TASK STATEMENT:
Retype the data exactly, from its first line to the line containing "Флористика в Омске: Надежда", including both, and skip any picture.

+++ DATASET EXTRACT

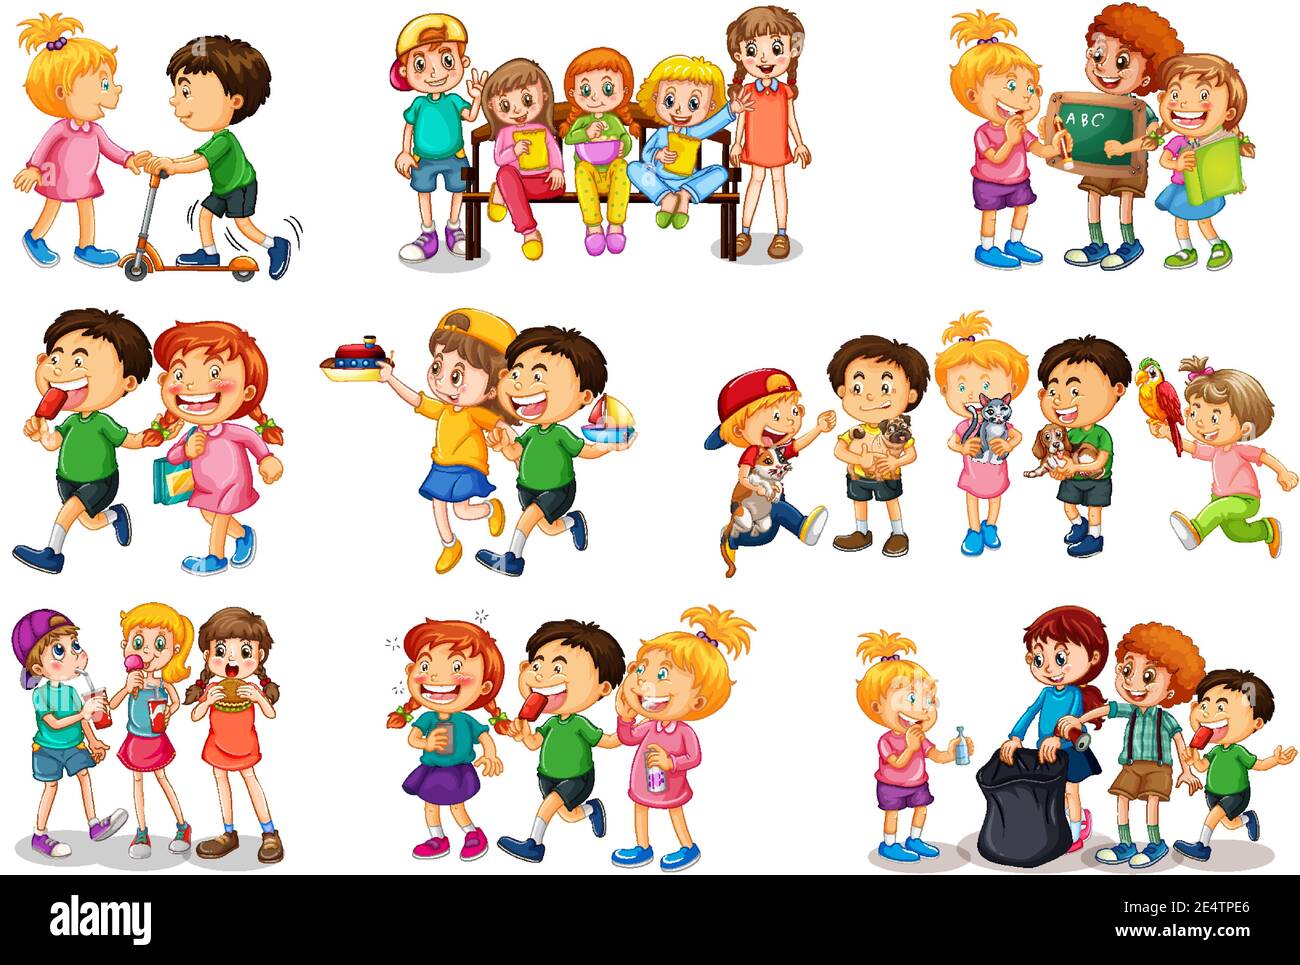 Niños jugando a diferentes juegos y juguetes. personajes ambientados en  estilo de dibujos animados. juego infantil con juguetes, personajes,  ilustración de juegos de niñas y niños
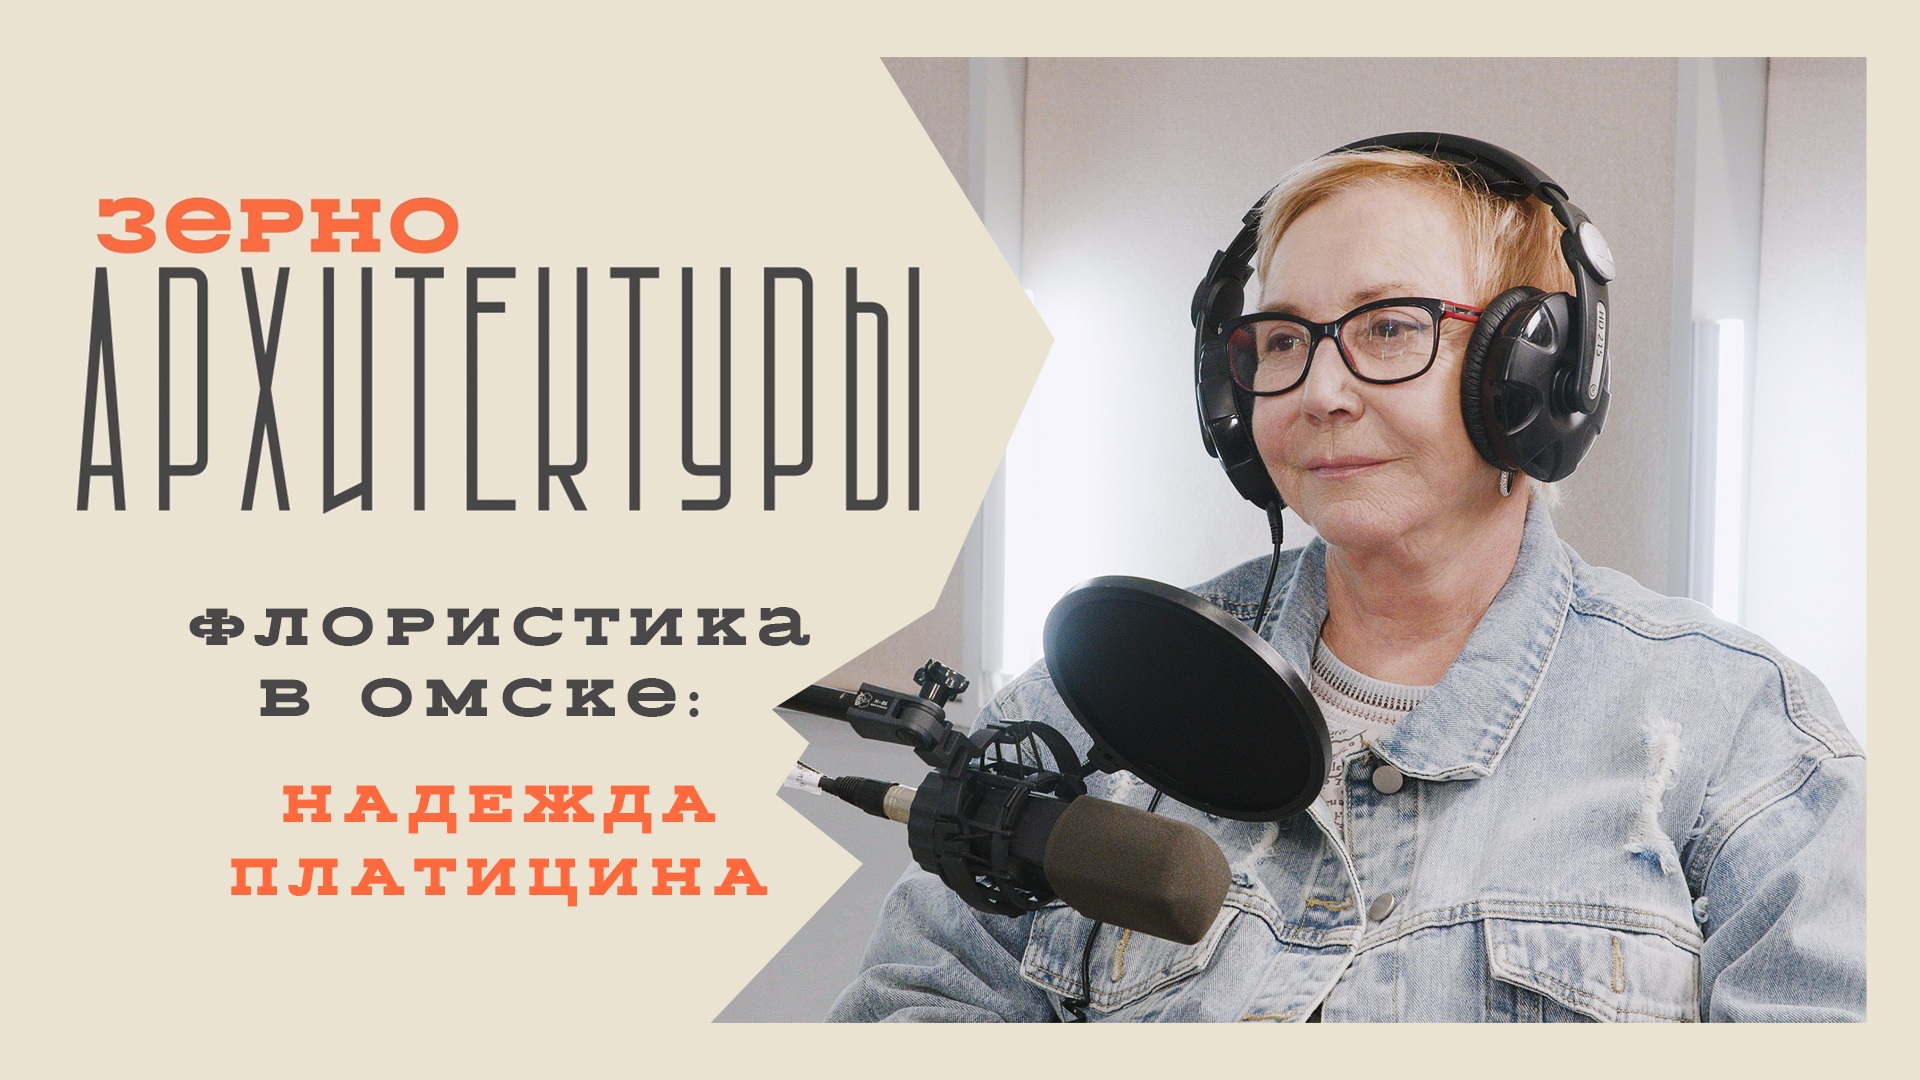 Флористика в Омске: Надежда Платицина | Видеоподкаст «Зерно архитектуры»
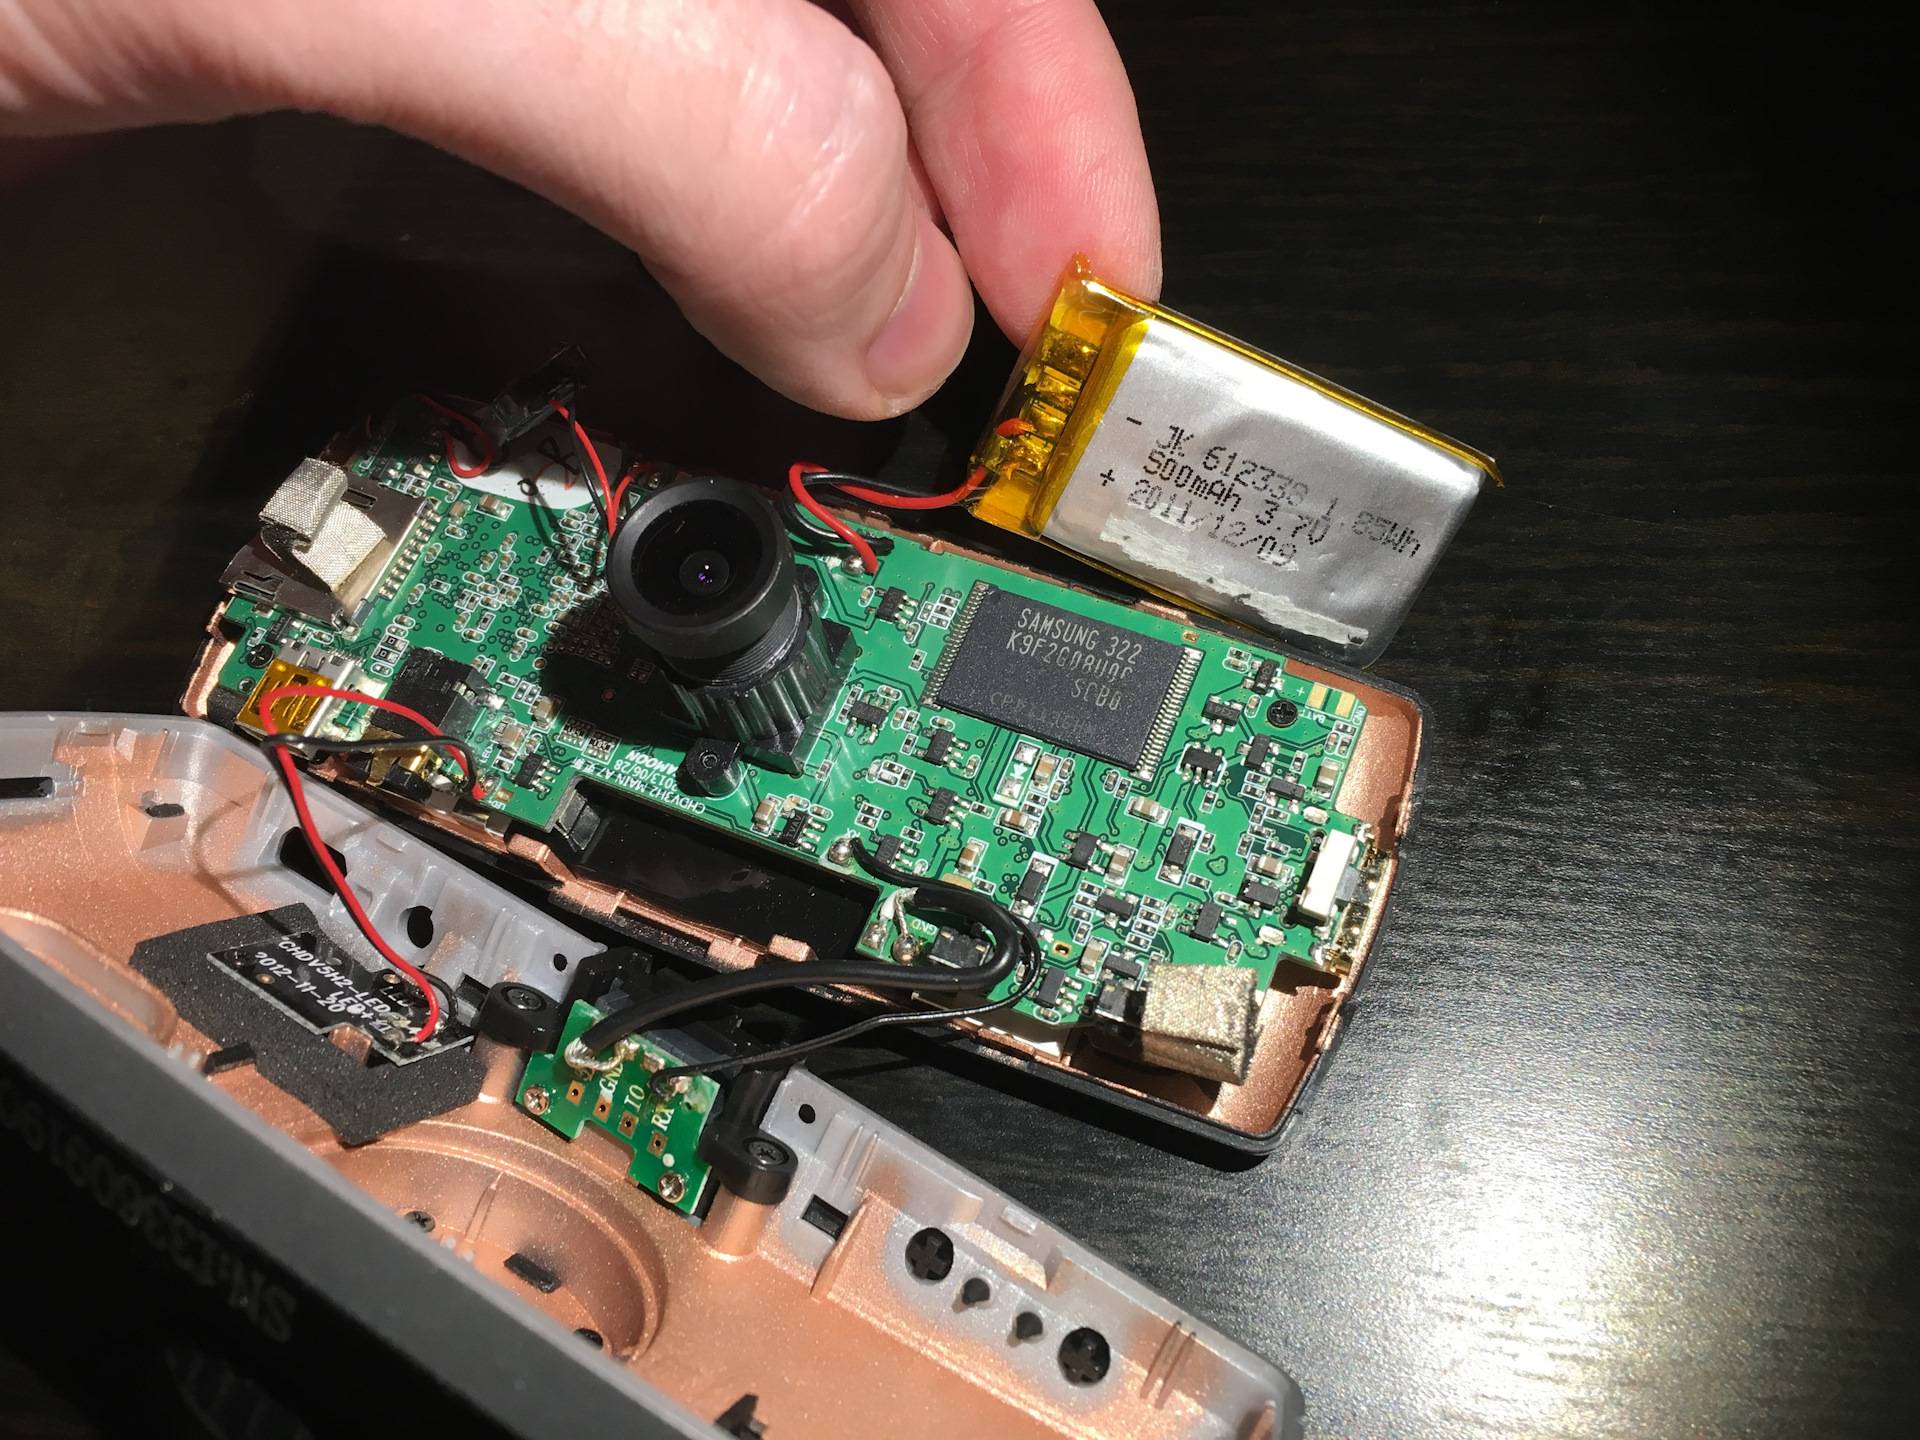 Как самостоятельно произвести ремонт автомобильного видеорегистратора?

++++++

SOLUTION FOR THIS PROBLEM:
 Niños jugando a diferentes juegos y juguetes. personajes ambientados en  estilo de dibujos animados. juego infantil con juguetes, personajes,  ilustración de juegos de niñas y niños
 Флористика в Омске: Надежда Платицина | Видеоподкаст «Зерно архитектуры»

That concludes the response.